Nouvelles de Flandre
Petite déambulation autour de la langue

Qu'est-ce que la langue?

En vérité, beaucoup de choses à la fois.

Mais délimitons d'abord le secteur. La langue opère la transition entre, d'une part, le langage (soit la faculté qu'ont les humains - et eux seuls: le prétendu "langage des animaux" n'a jamais le caractère systématique et reproductible qui leur permettrait de dépasser les réactions immédiates de peur, de joie, de faim... - de communiquer des idées, des impressions ou des émotions au moyen de signes principalement vocaux) et le discours, d'autre part (soit l'ensemble des manifestations orales, écrites ou gestuelles - accompagnant la parole ou, en cas de nécessité, se substituant à elle). Elle désigne, brièvement formulé, la totalité des ressources langagières propres a une communauté linguistique, puisque des milliers de langues ont été recensées, qui s'apparentent au sein de familles (langues romanes: français, italien, espagnol, portugais, roumain...; langues germaniques: anglais, allemand, néerlandais, suédois...; langues slaves, langues sémitiques, langues bantoues, langues amérindiennes...).

Ainsi définie, la langue assume, simultanément ou successivement, de multiples fonctions. J'en pointerais au moins cinq.

Première fonction: sentimentale, résumée dans l'épithète de langue maternelle. Nous sommes attachés à la langue de notre petite enfance comme à la maman, à la cuisine familiale (cuccine casalinga, disent les Italiens), aux souvenirs de l'école, aux odeurs de craie et d'éponge mouillée... Avez-vous remarqué que les pires, les plus impardonnables injures visent toujours la mère (vous me dispenserez d'en donner des exemples), la nourriture nationale (macaroni, rosbifs, frogeaters, kiekefietters, kaaskop, etc.) ou l'idiome d'autrui (le sabir, les palabres..., sans oublier le barbaroi des Grecs, onomatopée du gazouillis des oiseaux). Il en résulte que les sons de notre propre langue font vibrer une corde sensible dont nous avons tendance à croire naïvement qu'elle aurait valeur universelle.

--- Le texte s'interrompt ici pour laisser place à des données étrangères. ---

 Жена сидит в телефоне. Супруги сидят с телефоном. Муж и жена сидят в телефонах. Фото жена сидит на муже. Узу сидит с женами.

Voltaire s'est amusé dans L'Ingénu à plaisanter une telle candeur. Au Huron qui lui vantait les beautés de sa langue natale, la Bretonne Mme de Kerkabon rétorque à peu près: "Comme c'est curieux, j'ai toujours pensé que le français était la plus belle langue du monde après le bas-breton!"

Deuxième fonction: communicative. Nous parlons, nous écrivons essentiellement pour être compris (coté « jardin ») et pour convaincre (coté "cour"). La langue est un outil, suffisamment efficace quand il atteint son but. Inutile, de ce point de vue, d'incruster le manche ou de surcharger la poignée de toute sorte de fioritures.

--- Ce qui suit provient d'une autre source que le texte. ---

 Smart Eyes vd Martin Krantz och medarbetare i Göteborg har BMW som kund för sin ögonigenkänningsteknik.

Troisième composante, en conflit potentiel avec la précédente : la fonction esthétique, souveraine dans la conscience collective des Français de France, de Navarre et d'ailleurs: le français, langue plus "délitable" (Brunetto Latini, le maître de Dante, qui le condamnera pour sa punition à l'Enfer!), "Il n'est bon bec que de Paris" (Villon), etc. Le halo de raffinement qui entoure la langue française remonte au moins à Vaugelas, "l'arbitre des élégances" grammaticales au XVIIe siècle, l'oracle des Précieux et des Précieuses, dont riait déjà Molière, mais qui a trouvé au fil du temps le renfort de l'Académie française et, accoutrés à leur aune du même habit (vert pomme ou vert acide, vous en jugerez...), de la foule innombrable des censeurs et des puristes, particulièrement virulents chez nous, là ou l'éloignement politique d'avec la France (après 1815), couplé à la proximité géographique des parlers flamands, développe des comportements d'insécurité linguistique, cherchant tantôt un exutoire dans le repli frileux (le passéisme stérilisateur), tantôt dans la revendication d'une prétendue "irrégularité" faisant irrésistiblement songer au Renard et aux raisins de la fable (« Fit-il pas mieux que de se plaindre?"). I1 reste que le spectacle de la parole est une spécialité particulièrement prisée en Francophonie (quoique curieusement baptisée "talk show" à l'anglaise), même si - j'y reviendrai contrastivement - la France paraît en détenir, sinon l'apanage, du moins les meilleures recettes de fabrication.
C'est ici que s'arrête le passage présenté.